Значит, у Вашей девочки начался в 9 лет.
Кастури, муж никогда не должен поднимать руку на девочек. Он прав. Но он не должен позволять ей хамить. Он–Ваша защита. Значит, надо воздействовать тем, что лишать каких–то матер.удовольствий.
И больше Вашей Любви.
В любом случае действуйте с супругом в гармонии, как одно целое.
Дети это очень чувствуют и уважают. Особенно, когда мама уважает папу и ставит его в семье на первое место. Собственно, это–самое главное, думаю :smilies:

----------


## Кастури

> Значит, у Вашей девочки начался в 9 лет.
> Кастури, муж никогда не должен поднимать руку на девочек. Он прав. Но он не должен позволять ей хамить. Он–Ваша защита. Значит, надо воздействовать тем, что лишать каких–то матер.удовольствий.
> И больше Вашей Любви.
> В любом случае действуйте с супругом в гармонии, как одно целое.
> Дети это очень чувствуют и уважают. Особенно, когда мама уважает папу и ставит его в семье на первое место. Собственно, это–самое главное, думаю


Спасибо,матаджи за добрые советы,за теплые слова.Муж меня всегда защищает,но может мягче,чем бы мне хотелось,чуть строже надо быть,он лишает ее мат.удовольствий,а ей помойму все равно.В целом она хорошая девочка,но видимо у каждого свой переходный,переломный момент.

----------


## Nada-bindu-vidharini dd

> упустили!


Скорее всего ,да.Теперь пожинаете плоды.И будет,возможно,ещё хлеще.А потом,жизнь прижмёт дочу и она исправится.Наверное.Муж ваш прав.Не хочет дома учиться,жизнь научит.

----------


## Nada-bindu-vidharini dd

> Пытались приучать делать все вместе,но она упертая,не хочет!


Я ни кого не приучаю.Делаем и всё.Тут нет  рассуждений.
Есть табу,делаем и всё.Помощь-это одно из табу.Мы -команда и  если один вкось,то портится  товарищество.Все страдают.

----------


## Kasturika d.d.

Да, Кастури, мне тоже очень тяжко было, когда дочка двигалась в непонятном направлении. Это было похоже на какой–то неизбежный период (может, планеты встали так?) .
Только взаимопонимание с мужем меня поддержало. Он– большая опора и надежда. 
Будьте Счастливы!
Харе Кришна  :smilies:

----------


## Кастури

> Скорее всего ,да.Теперь пожинаете плоды.И будет,возможно,ещё хлеще.А потом,жизнь прижмёт дочу и она исправится.Наверное.Муж ваш прав.Не хочет дома учиться,жизнь научит.

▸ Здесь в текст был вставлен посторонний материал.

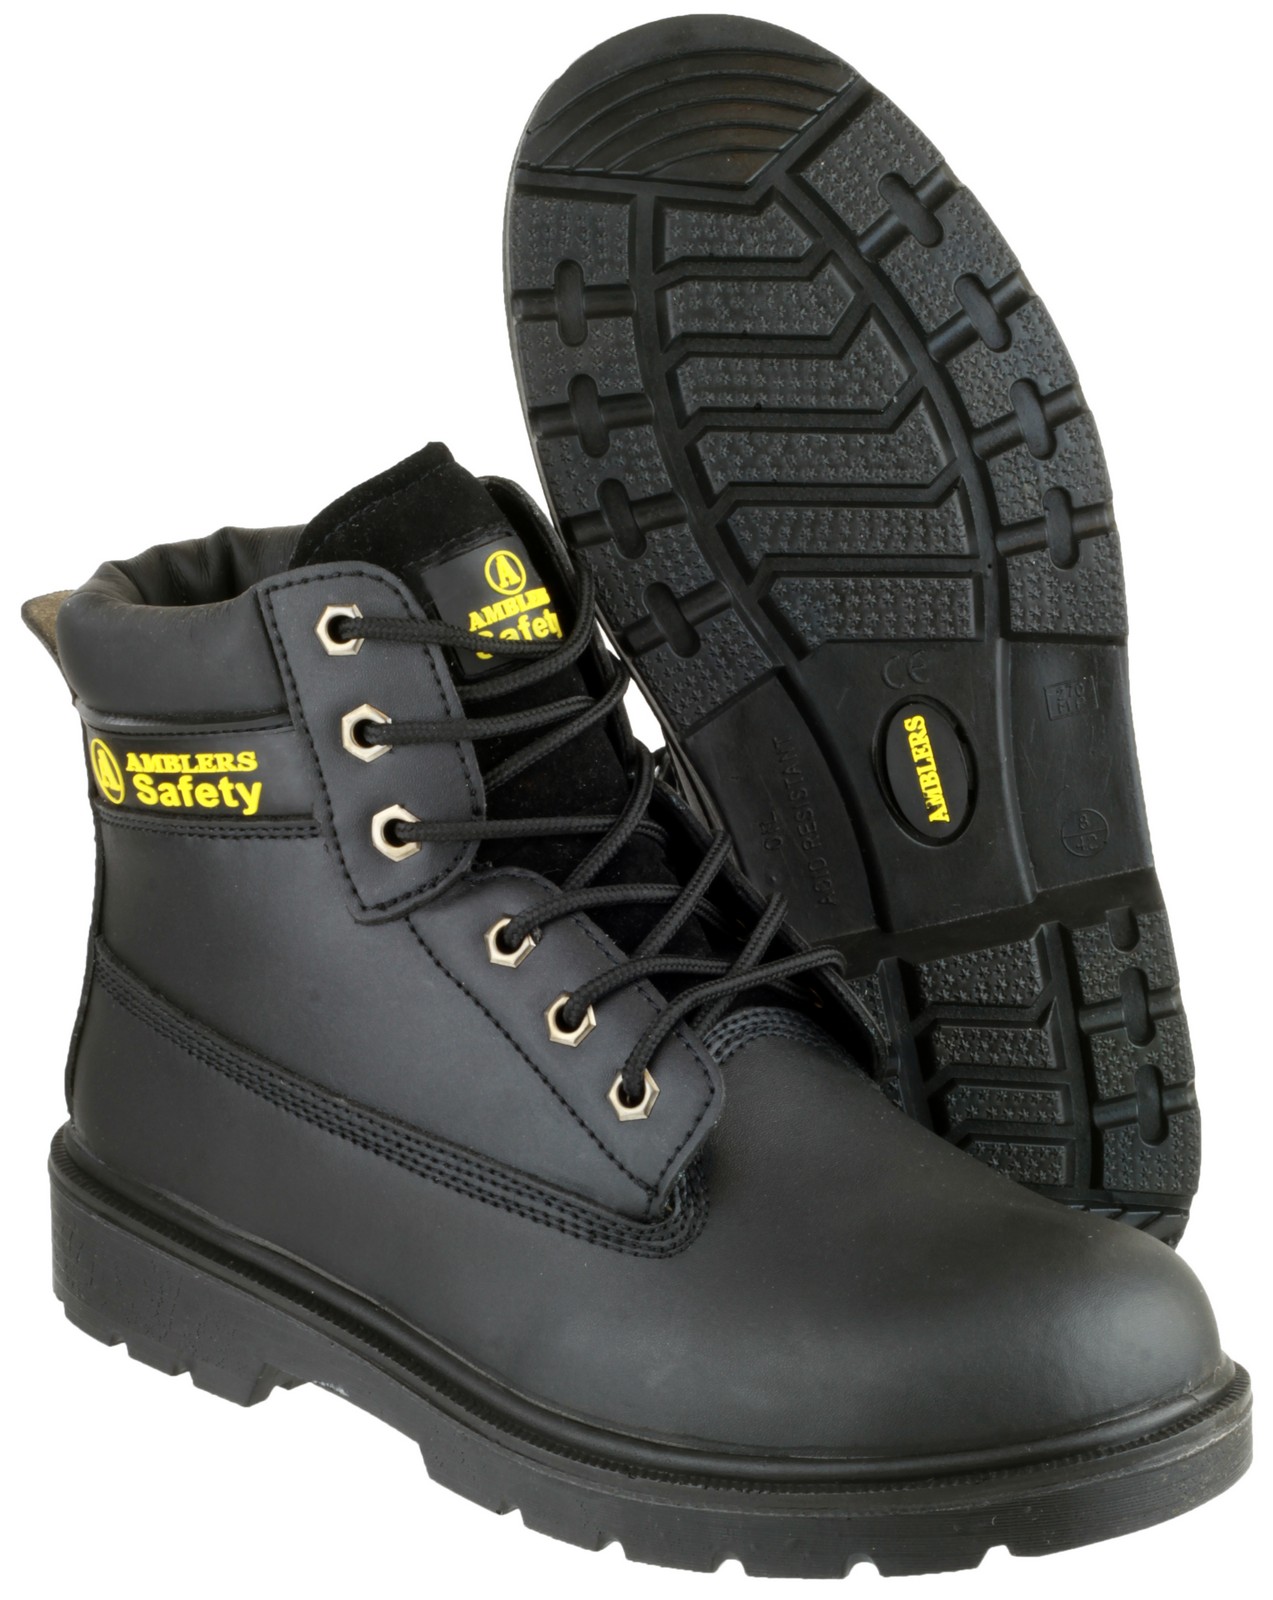 FS112 - Safety Ladies Boots - Black
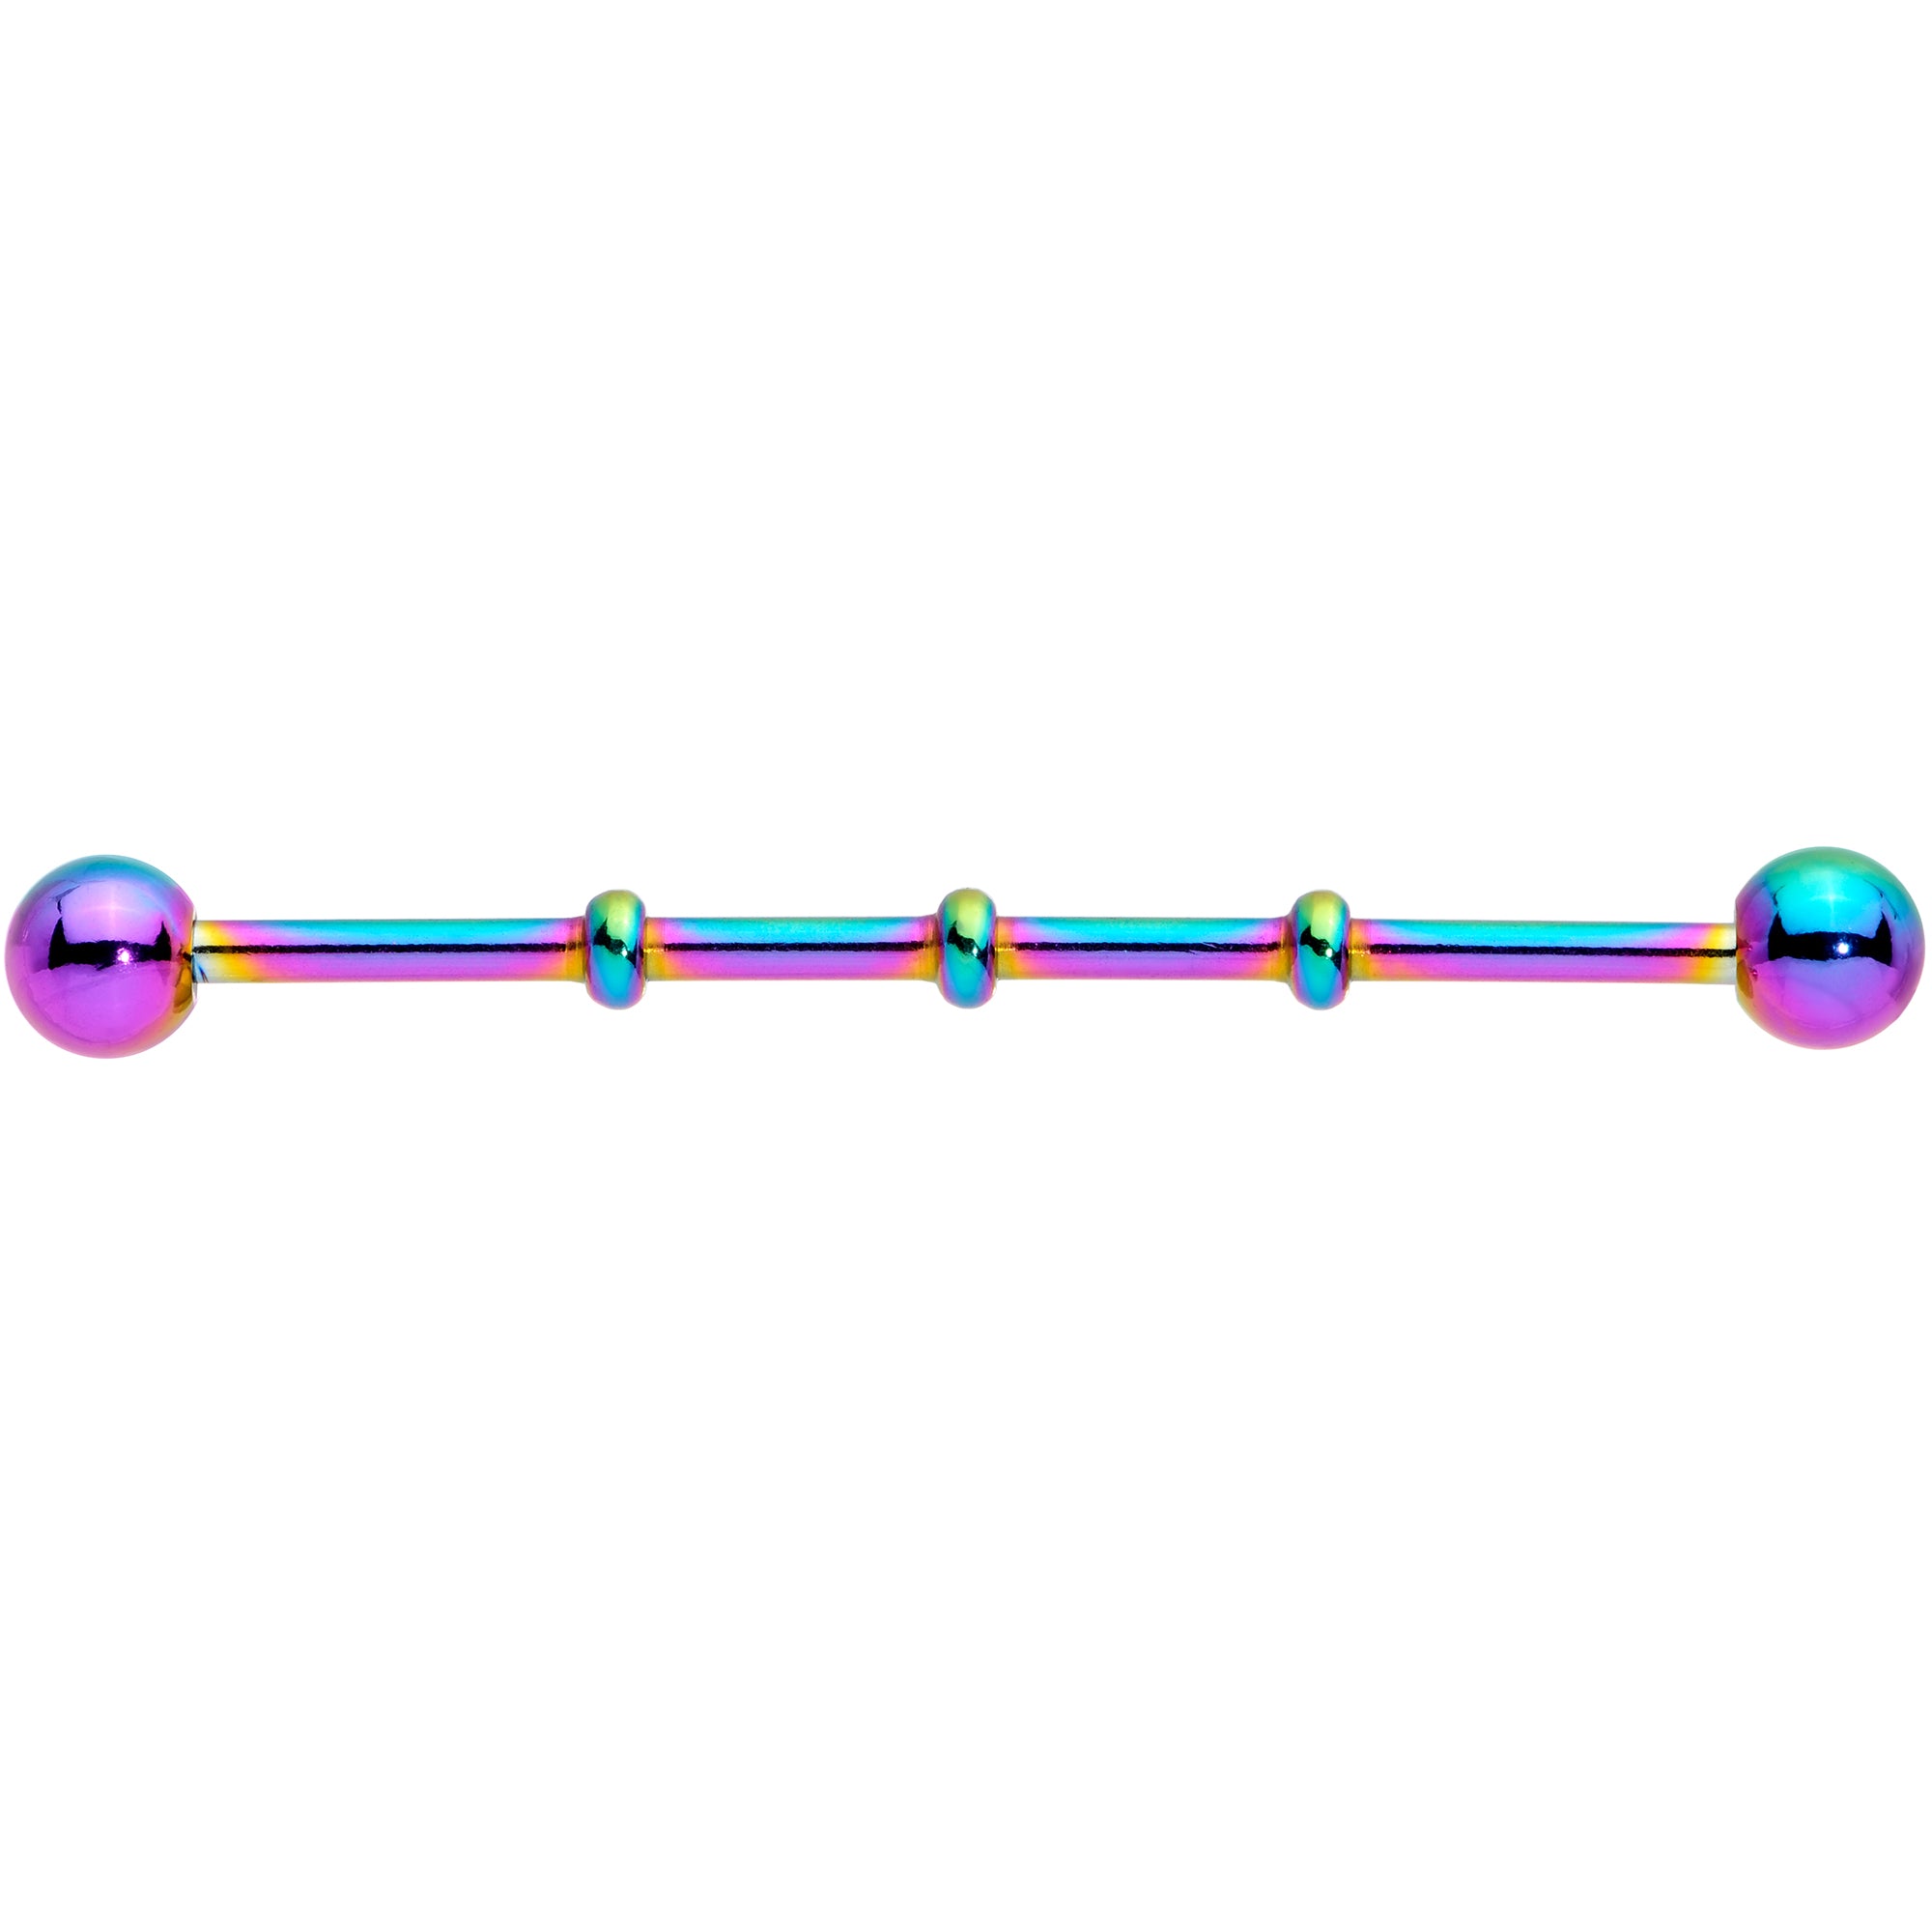 Ball Rainbow Anodized Titanium Industrial Project Bar 40mm

А ничего больше не остается!Нельзя заставить человека делать то,что ему не нужно и неинтересно.Будем молиться Кришне,Он исправит ситуацию или мне даст больше смирения,ох как мне его не хватает!

----------


## Nada-bindu-vidharini dd

> но видимо у каждого свой переходный,переломный момент.


Всё зависит от семьи ,родителей.
Как Лена написала -не было этого переходного.Я думаю,что Лена в самом начале  пресекла.Не обязательно до ремня,некоторым слова достаточно,а то и взгляда.Это уж какая джива пришла,какую заслужили....

----------


## Кастури

> Да, Кастури, мне тоже очень тяжко было, когда доча двигалась в непонятном направлении. Это было похоже на какой–то неизбежный период (может, планеты встали так?) .
> Только взаимопонимание с мужем меня поддержало. Он большая опора и надежда. 
> Будьте Счастливы!
> Харе Кришна


Спасибо Вам,матаджи,Харе Кришна!Очень много силы и веры дают преданные своими наставлениями,советами,и просто теплыми словами!

----------


## Nada-bindu-vidharini dd

> А ничего больше не остается!Нельзя заставить человека делать то,что ему не нужно и неинтересно.Будем молиться Кришне,Он исправит ситуацию или мне даст больше смирения,ох как мне его не хватает!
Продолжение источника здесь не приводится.